I just thought I'd share this, no point to it really but it's quite stupid and funny.

I'm actually visually impared but that's a whole other story. I've got glasses that I wear sometimes and have always been against contact lenses because I never liked the idea of just sticking them in my eye. But for some reason a few weeks ago I thought why not, so booked an appointment at Specsavers to try them out.

So anyway, they checked the health etc and put some contact lenses in.
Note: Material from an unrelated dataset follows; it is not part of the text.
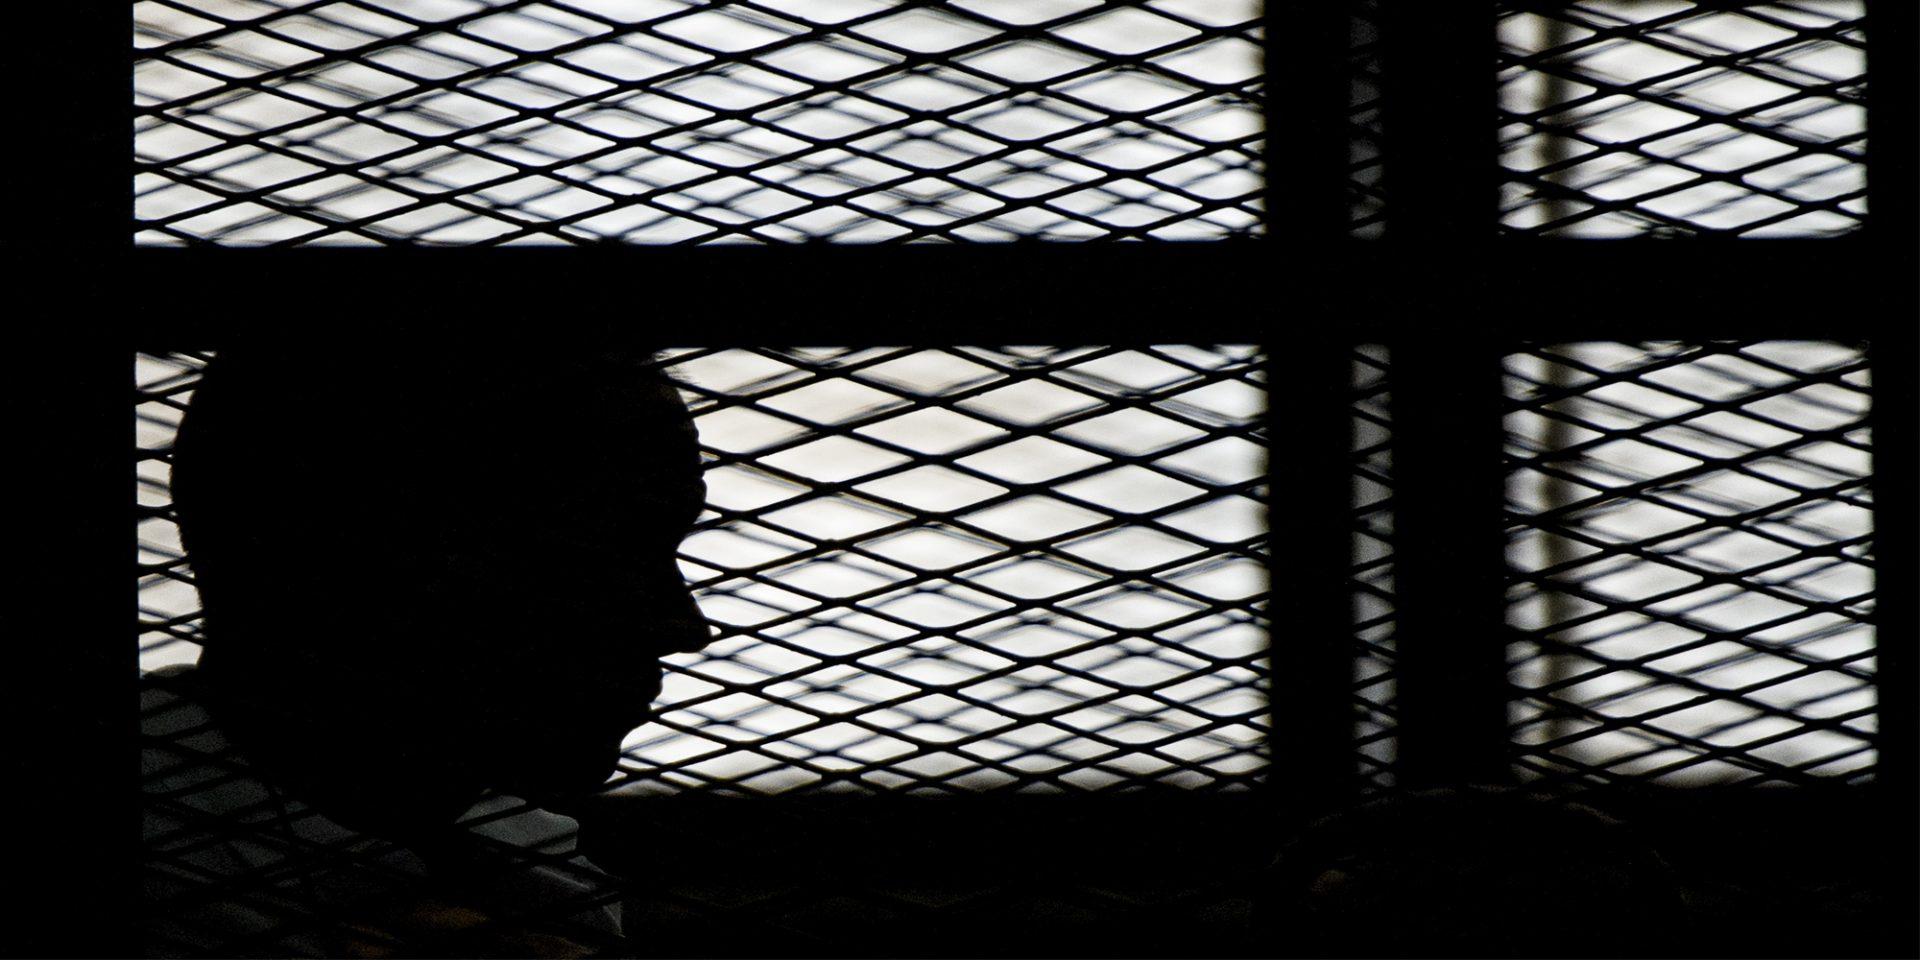 cairo-prison-

To cut a long story short, I was quite nervous about it and fainted. The poor opticianist looked so scared but I felt fine afterwards.  So I got booked in for a 'teach' so they could teach me how to put them in etc. 

So I went for two teaches, the first time able to get a lense in the right eye but not the left. The second I got them in both eyes about five times and we both agreed that I could take some home for a trial. I could get them out easily enogh. This was yesterday (Wednesday) and I left wearing some, took them out a couple of hours later with no difficulty and all was fine. 

I thought they were amazing, you just stick them in and they improved yoru eyesight.

So earlier today I put some in before work. I say 'put them in', I'm sure the right lense went in but not so sure about the left lense, it kinda got stuck on my eyelash but I'm pretty sure that one went in too. At least one or both were in anyway because I could see a lot better. Off I went to work and all was fine as far as I was concerned.

When I got home earlier tonight I tried to take them out but I just couldn't for the life of me, which I thought was weird because I had no trouble getting them out beforehand. Anyway, I don't remember at any point physically seeing them out of my eye but they must have come out because I could see just as well as I always could without any lense or glasses. 

I was really worried though because like I said, I never physically saw them out. The optician told me not to sleep in them because she fell asleep with hers in for ten minutes before, woke up, couldn't see a thing and they were all shrivelled up. She cut her eye the day before and apparently when you sleep the eye repairs itself. Her lense had partly healed in her eye whilst she was sleeping. Doesn't sound too nice and I didn't want that happening to me. You are also only supposed to keep them in for ten hours and the tength hour was nearing. 

As I said I was really worried after hearing that so I went to A&E. I was so sure they were out (somehow) because I couldn't see as well but at this point didn't know what was going on because I was tired etc. So after a four hour wait I saw the Triage nurse who looked in my eye and said she couldn't see anything in my eye apart from the fact it was pretty scratched up with me trying to get a non-existent lense out. 

So that was my Thursday night  I feel really stupid about it really but I was so worried. I'm pretty worried about going to sleep now actually even though she assured me they were out.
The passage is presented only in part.